What is the meaning of "eulogy?"
A "eulogy" is simply a speech that is delivered at a funeral service or memorial service to pay tribute to someone who recently passed away.
If you have been asked to give a eulogy, you may be wondering what is expected of you. Here are the five things that a eulogy can accomplish.
Goal 1: Honor the deceased's virtues and character
Your primary goal with your eulogy is to pay tribute to the person who has passed away. This involves honoring the virtues and character of the person.
Goal 2: Bring comfort to those who are grieving
Eulogies are usually delivered within a few days of a person passing away. The folks in the audience are often still in shock, and are grieving for the person who has died. Emotions are raw. The main emotion in the room is grief. One goal of a eulogy is to bring comfort to those who are grieving. This is especially true when the person who died has left behind young children, or when the person died suddenly or unexpectedly.

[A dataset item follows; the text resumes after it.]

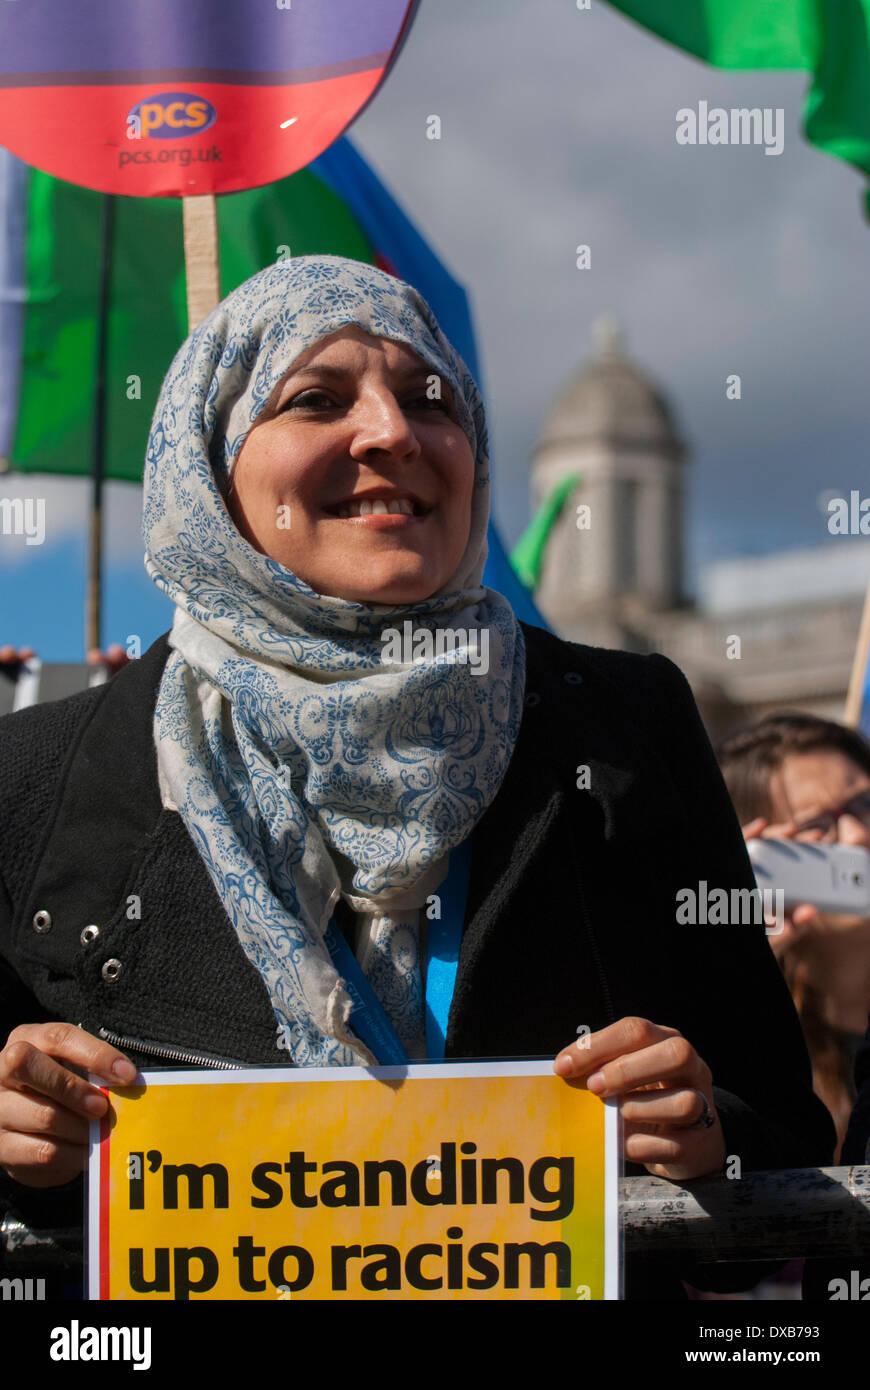 Londres, Reino Unido. El 22 de marzo de 2014. Una mujer en el rally antirracismo escucha a los oradores en la londinense Trafalgar Square. Crédito: Peter Manning/Alamy Live News Imagen De Stock

Goal 3: Help family and friends say goodbye
The funeral is usually the last day when the deceased person is still physically present. A casket can be touched, cried over and carried to the grave site. But once the casket is lowered into the ground and covered with earth, the deceased person is gone and out of sight. The eulogy is a final chance for the eulogist and everyone else in the room to say goodbye to their loved one.
Goal 4: Help to bring closure
Moving on after the death of a loved one is difficult, and takes time. That process begins when the person grieving realizes that a stage of life has ended and another stage has begun. The eulogy is an opportunity for grieving family and friends to get closure.
Goal 5: Put the person's life into perspective
An optional goal of a eulogy is to put the life of the deceased into perspective for those people who are gathered at the funeral or memorial service. The people in the audience will know the deceased person in many ways. In the audience will be people who knew the departed person as a grandparent, a parent, a spouse, a sibling, perhaps even as a child.
Others will have known the deceased as an aunt or uncle, as a colleague, as a neighbour, and so on. You have the opportunity when giving your eulogy to set the person's life into a larger context, to show the meaning that the person had for everyone present, and beyond.
For example, at my father's funeral, I, my sister and my brother each delivered a eulogy in praise of my father. Each of our eulogies, as you can expect, was intensely personal. The minister who officiated at the funeral, on the other hand, delivered a eulogy that set my father's life into a historical context.